> **Problem description**: A word-for-word copy of the lines below, starting at the line with "Gluten-Free Vegan Chocolate Chip Cookie" and ending at the last one, is what you should give. Omit every picture.

> **Information provided**:
▼▼▼

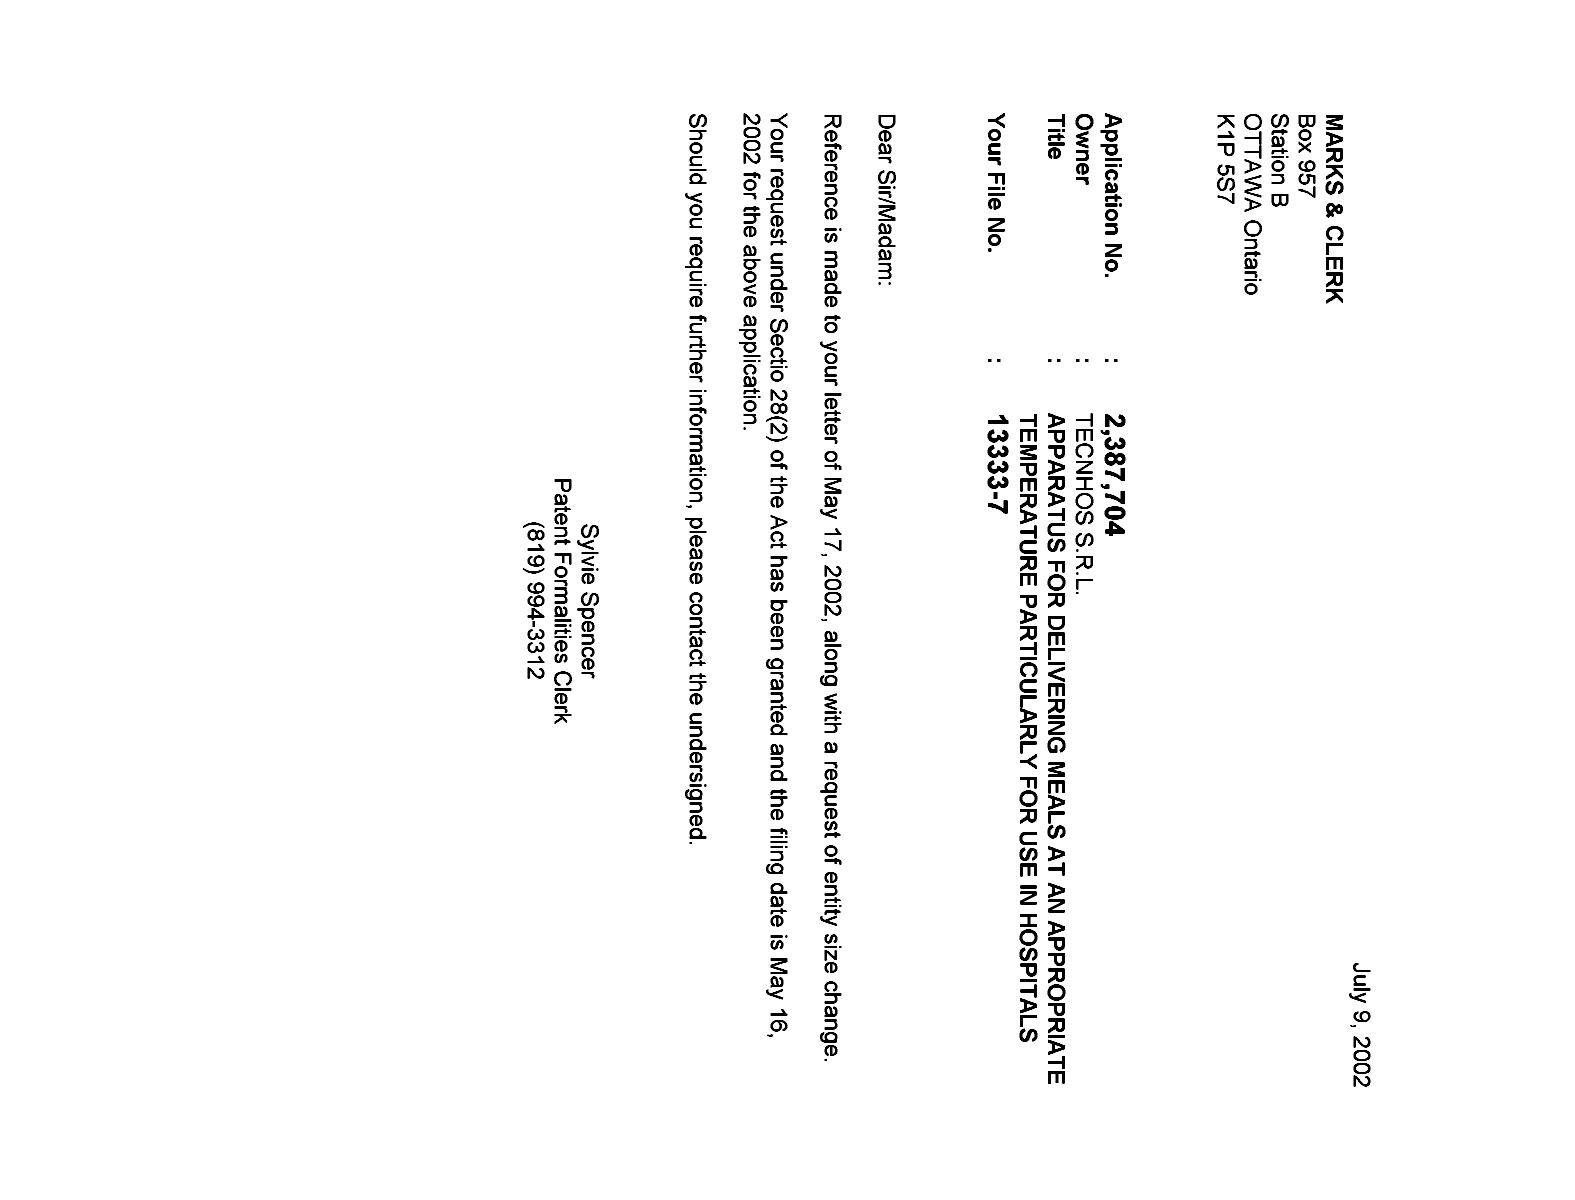 Canadian Patent Document 2387704. Correspondence 20020705. Image 1 of 1
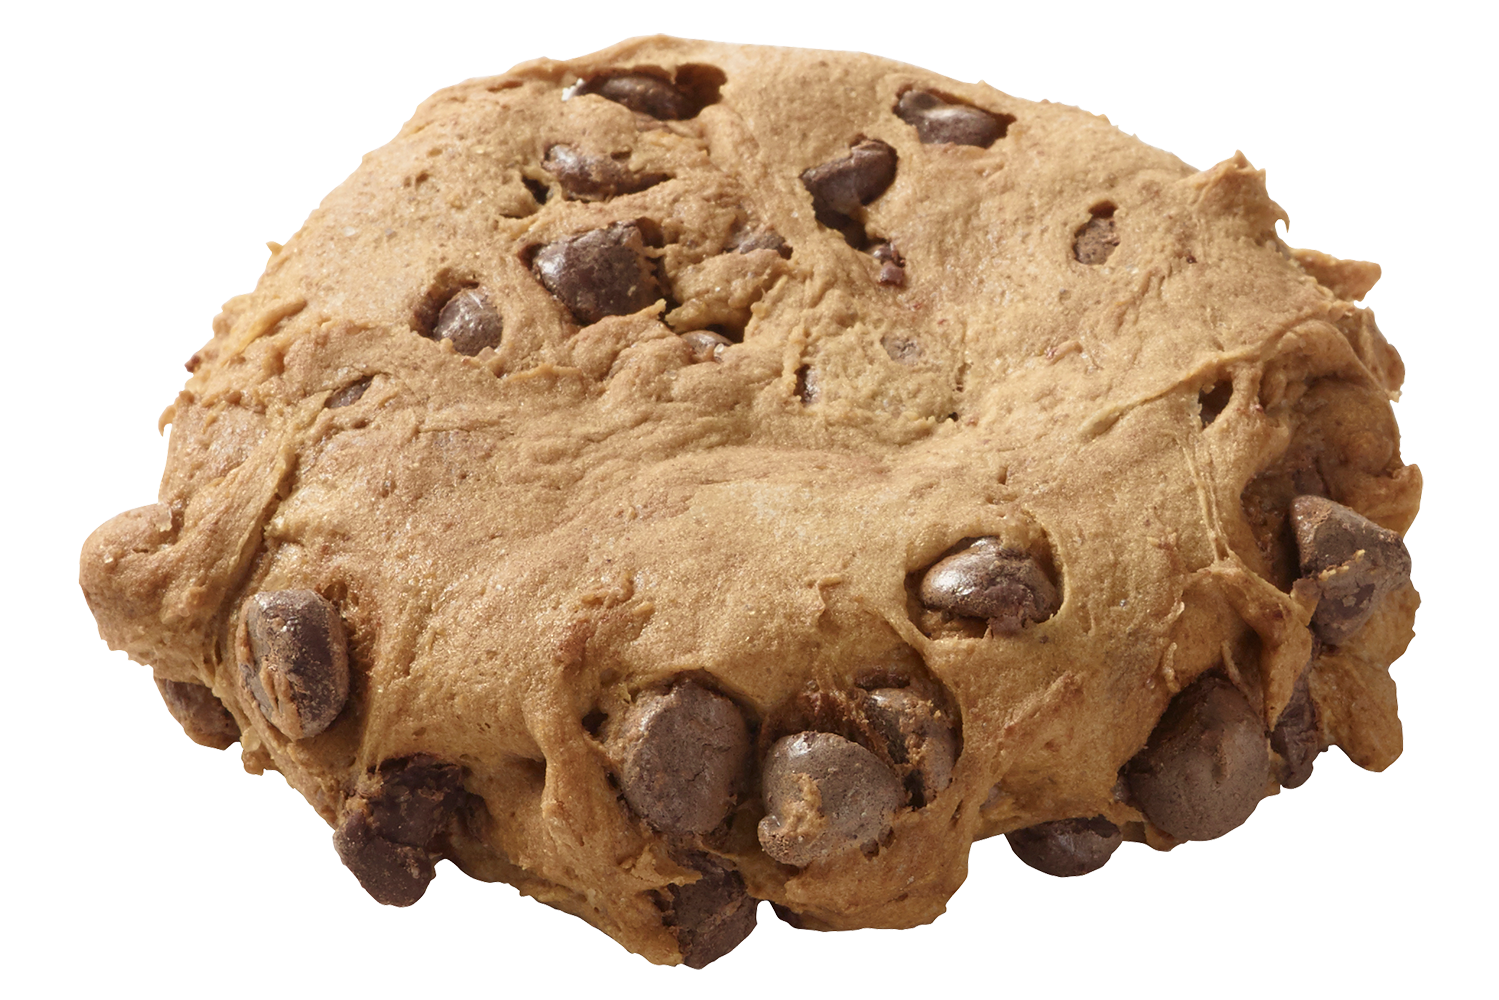 Gluten-Free Vegan Chocolate Chip Cookie
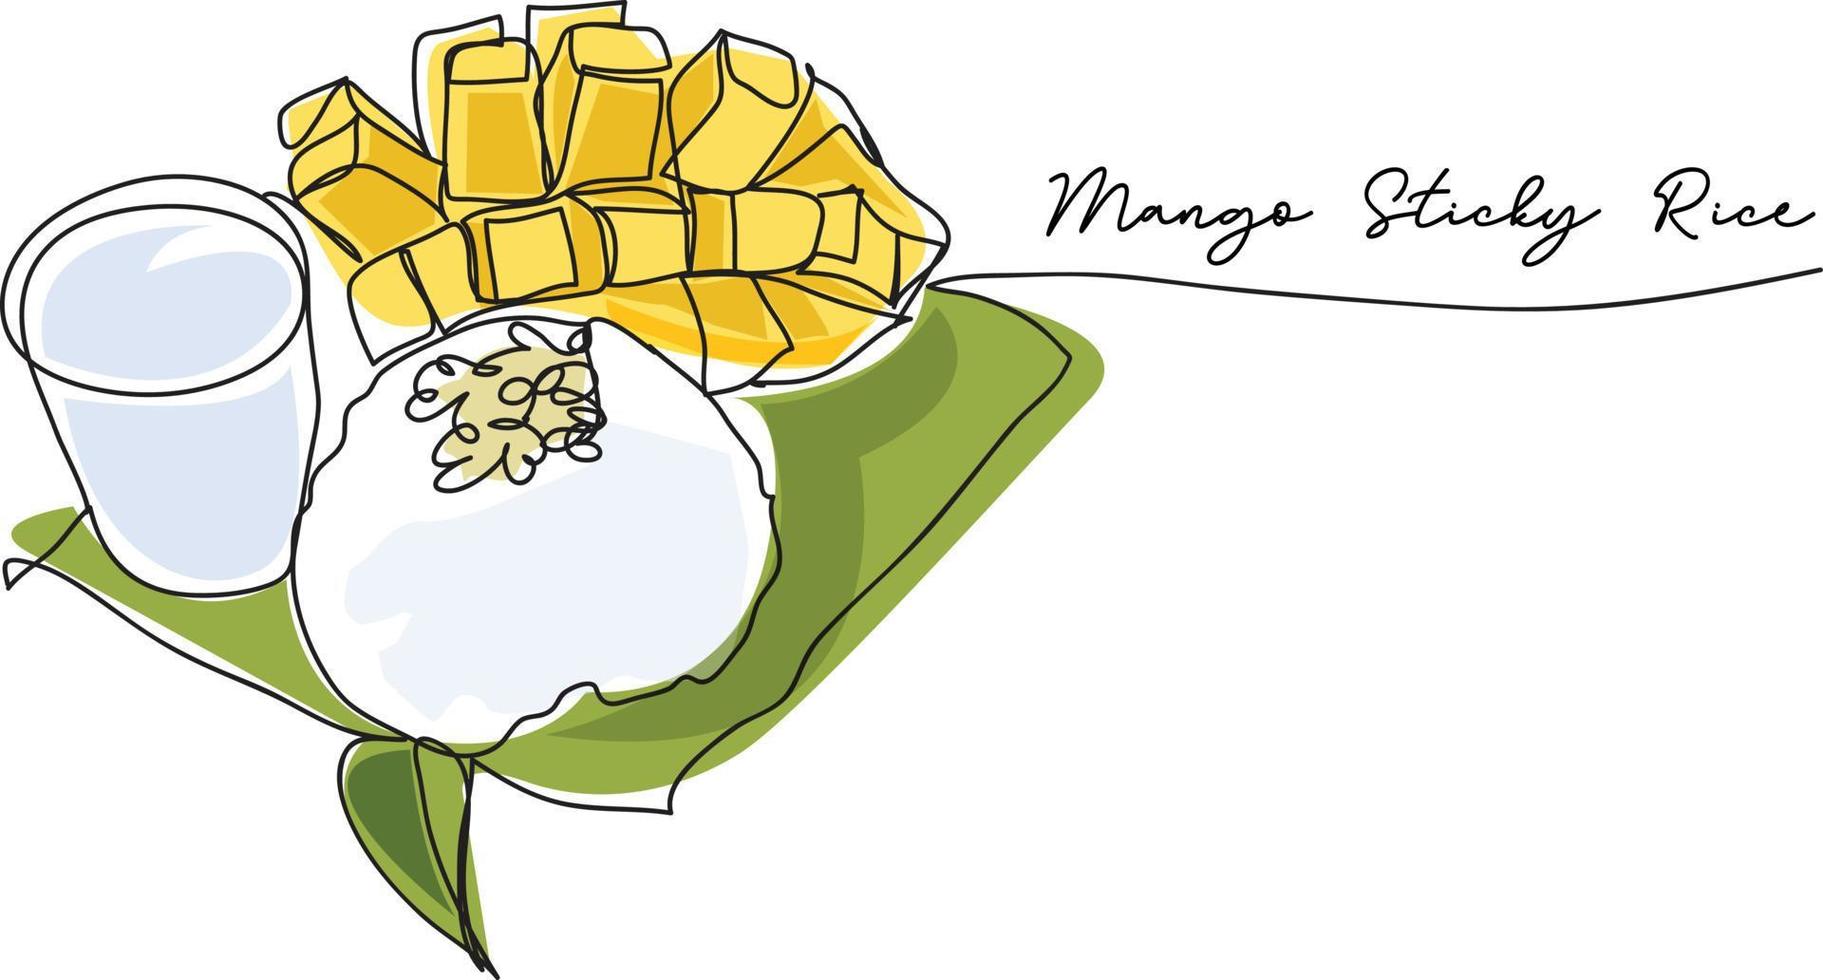 Mango sticky rice line drawing vector illustration.

▲▲▲

> **Result below**:
 Gluten-Free Vegan Chocolate Chip Cookie
 Mango sticky rice line drawing vector illustration.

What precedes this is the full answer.